Each line from the first line of the entries through the line holding "pendant le spectacle" is to be restated word for word; nothing else, and no picture, belongs in the answer.
---------- Data in this exercise ----------
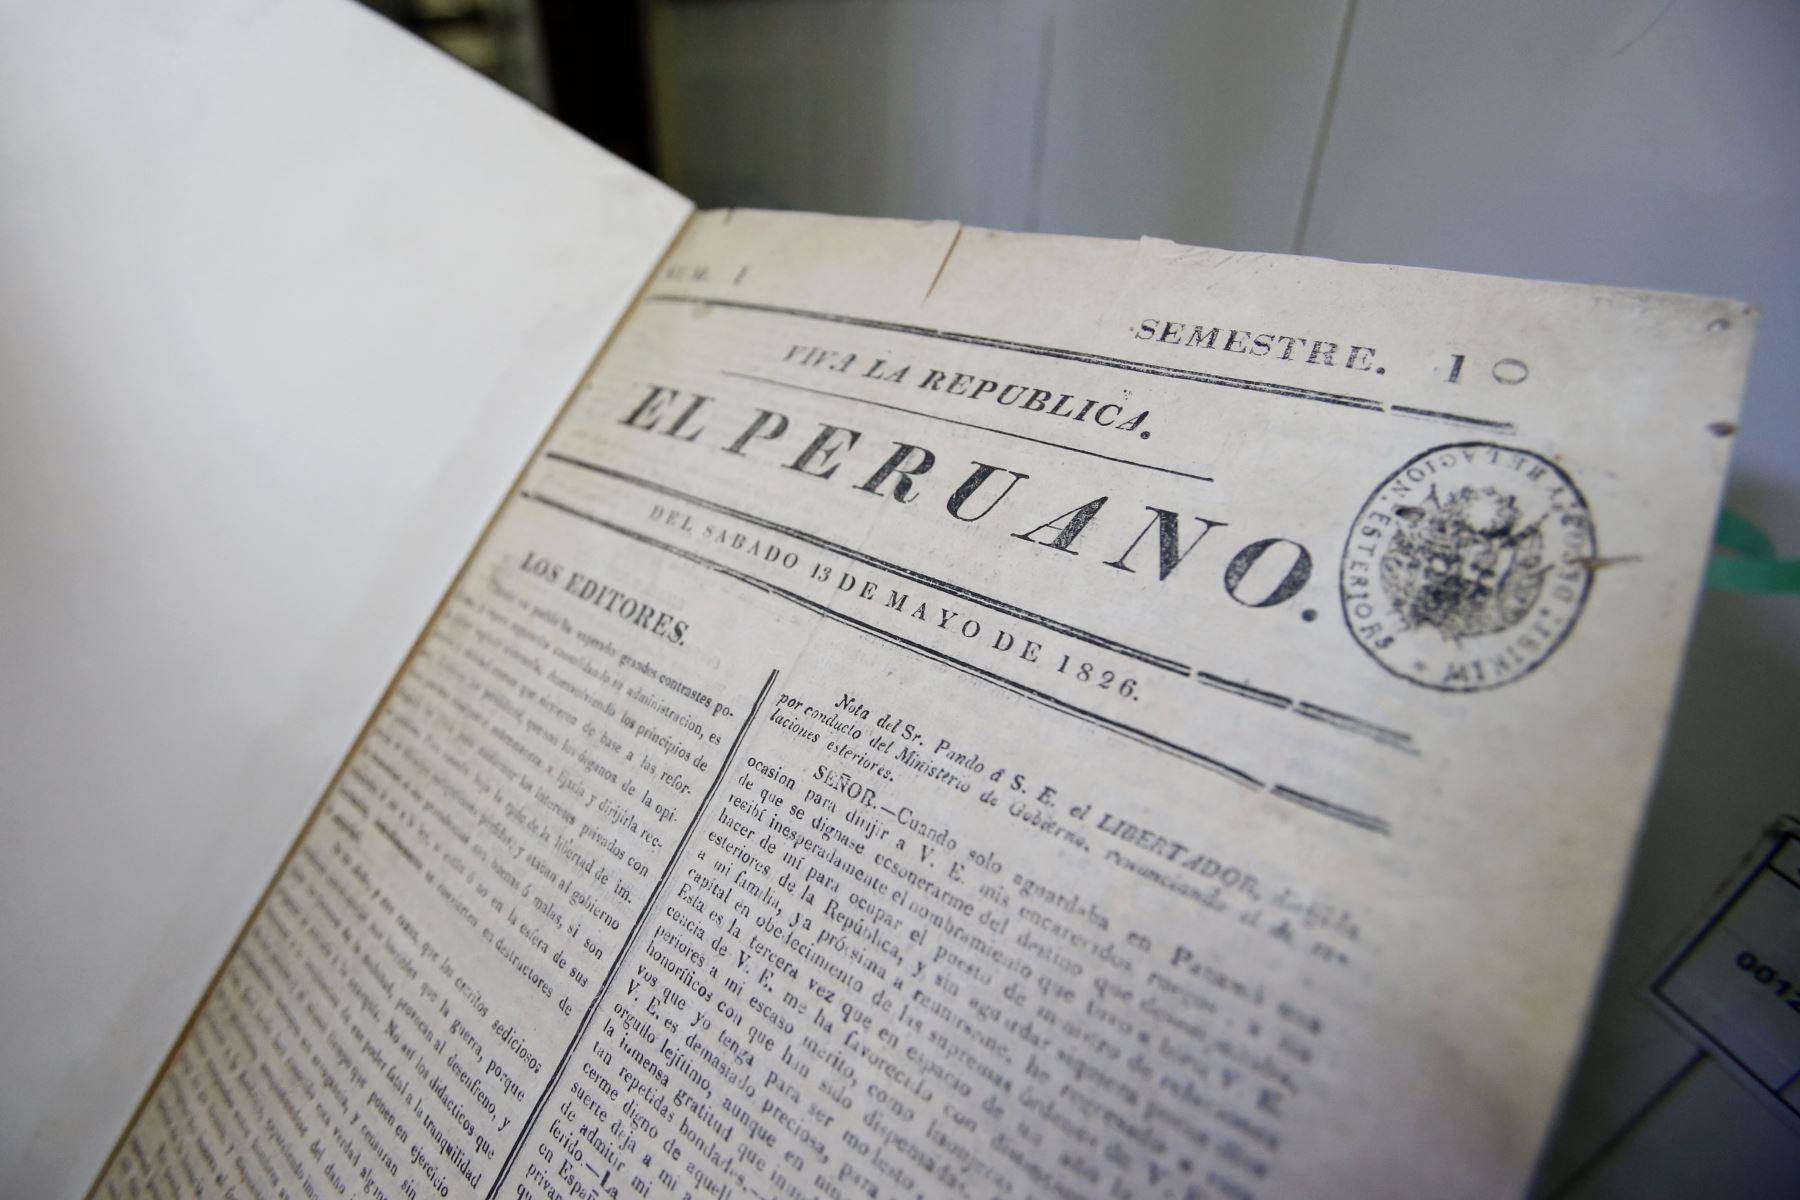 Este medio se fundó el 25 de octubre de 1825 como El Peruano Independiente, una publicación de cuatro páginas, en donde la última estaba escrita en inglés para informar sobre economía y negocios. ANDINA/ Andina
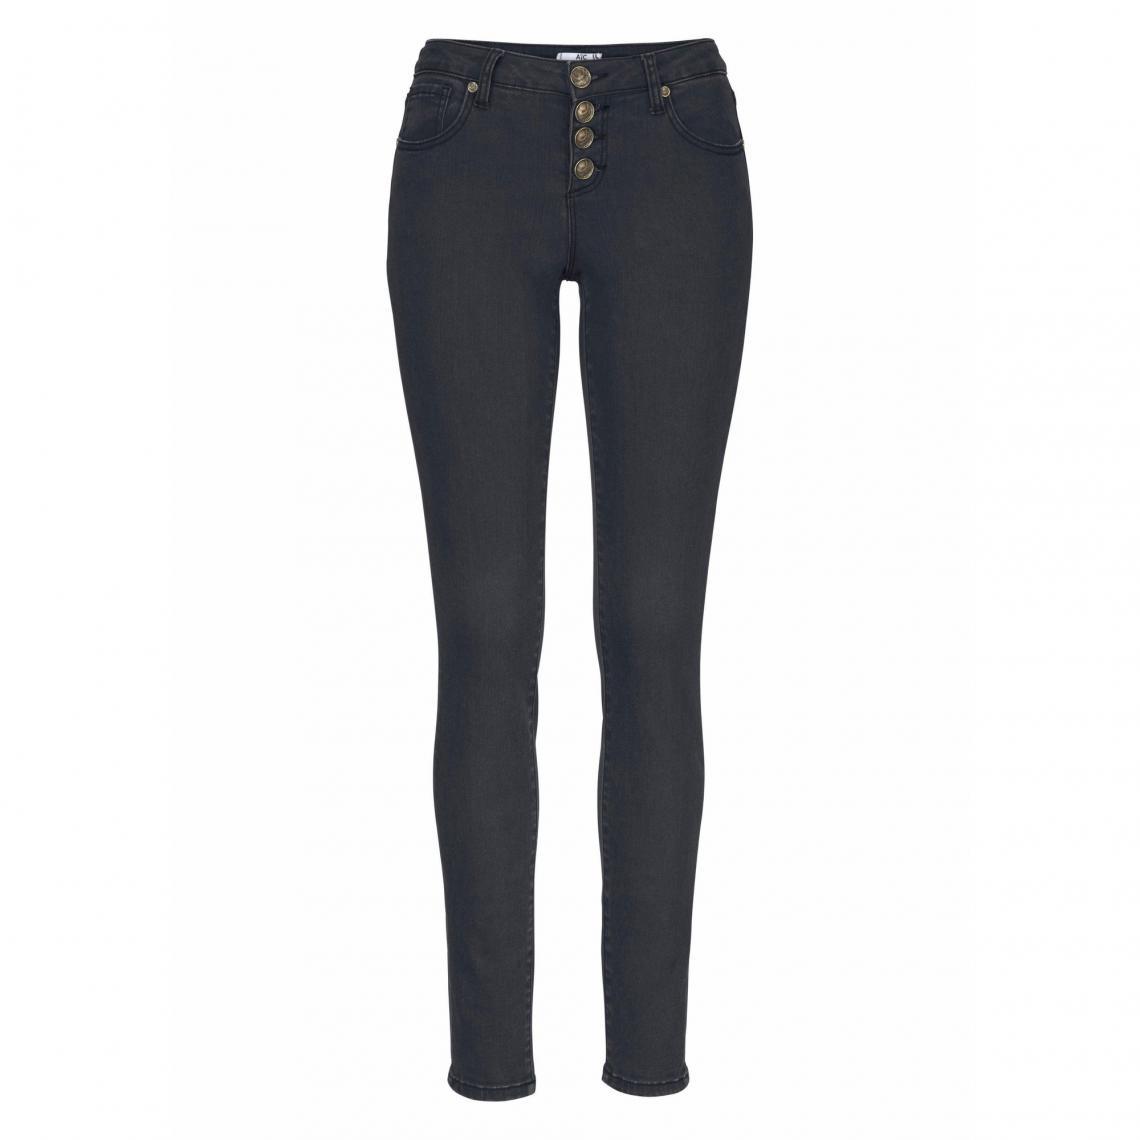 3b8122033ea2a Pantalon skinny coton stretch femme AJC - Noir   3 SUISSES
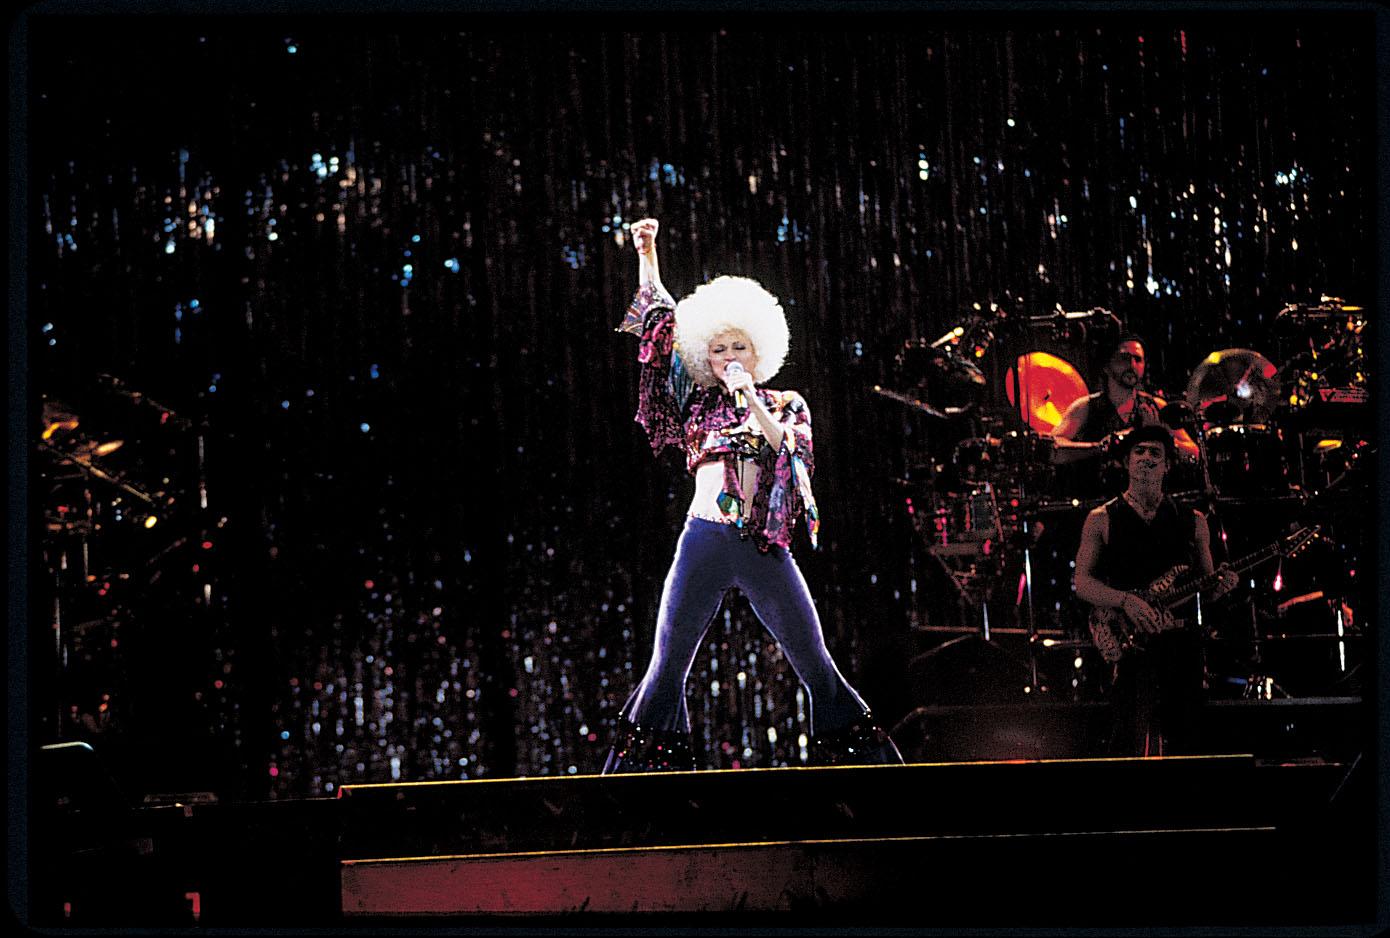 """Madonna pendant le spectacle """"Girlie Show"""" au Stade Olympique de Montréal le 23 octobre 1993"""
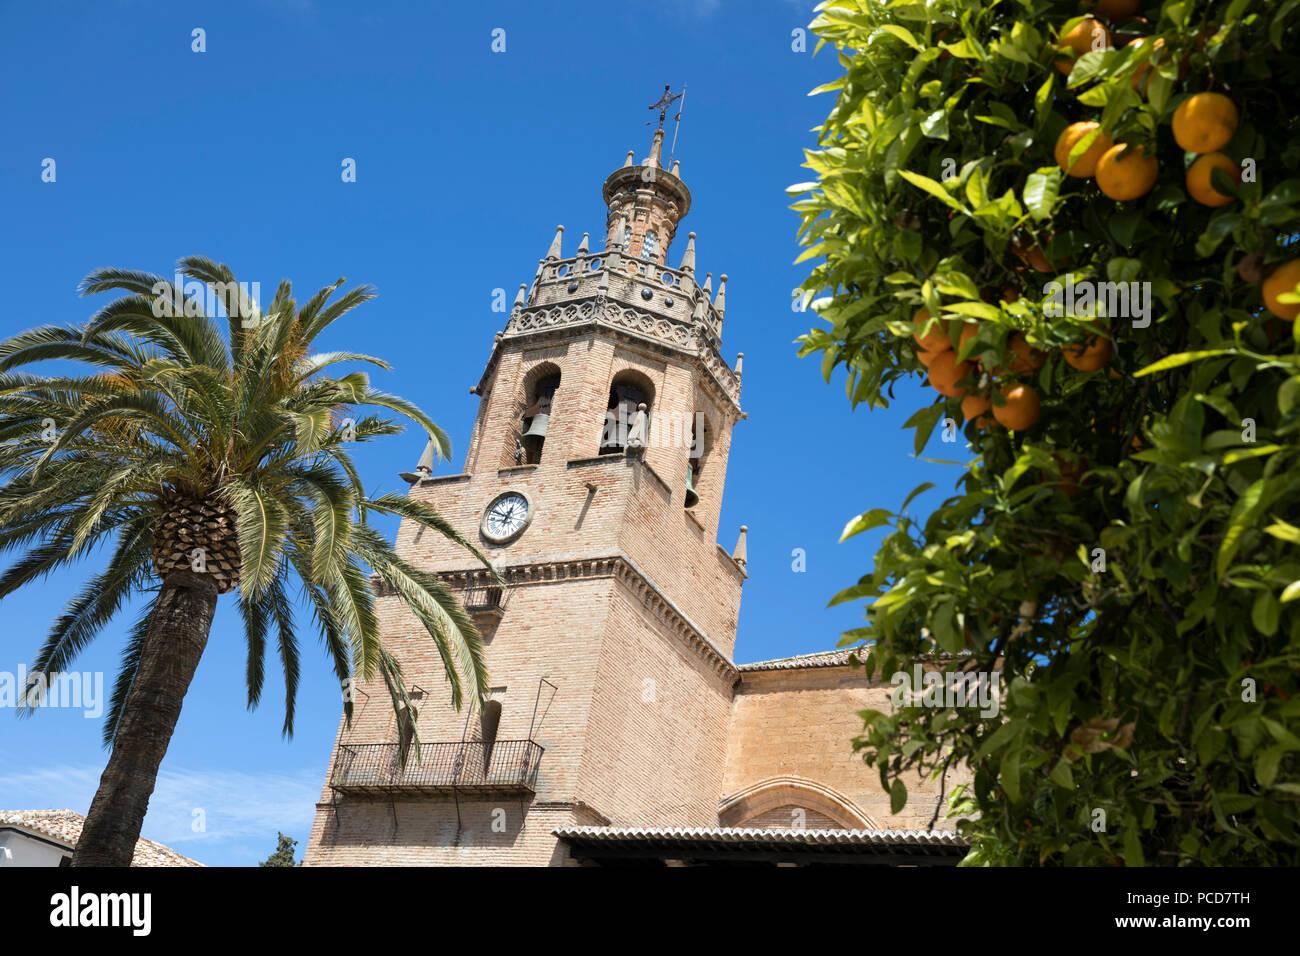 Palm tree and tower of the Iglesia de Santa Maria la Mayor, Ronda, Andalucia, Spain, Europe - Stock Image
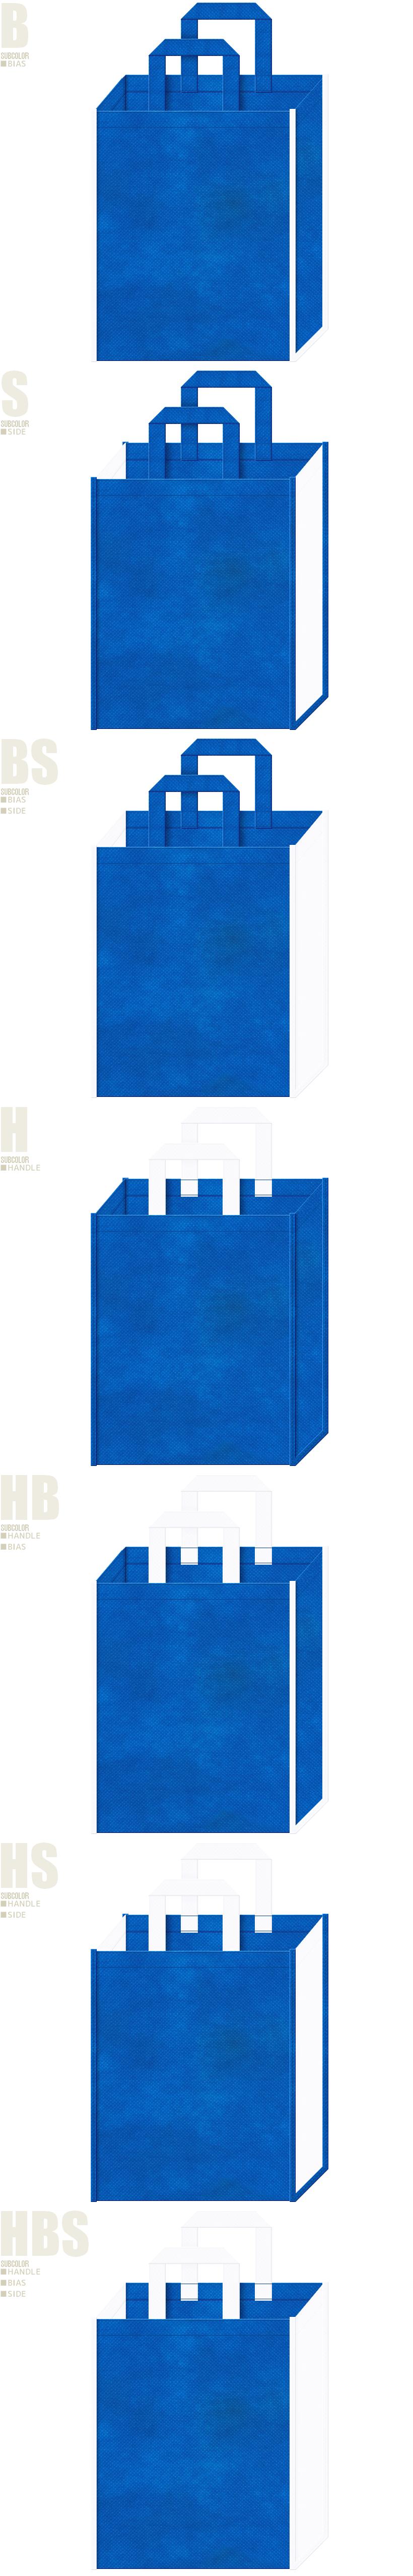 不織布トートバッグのデザイン例-不織布メインカラーNo.22+サブカラーNo.15の2色7パターン
----------
• Written reply
 Este medio se fundó el 25 de octubre de 1825 como El Peruano Independiente, una publicación de cuatro páginas, en donde la última estaba escrita en inglés para informar sobre economía y negocios. ANDINA/ Andina
 3b8122033ea2a Pantalon skinny coton stretch femme AJC - Noir   3 SUISSES
 """Madonna pendant le spectacle """"Girlie Show"""" au Stade Olympique de Montréal le 23 octobre 1993"""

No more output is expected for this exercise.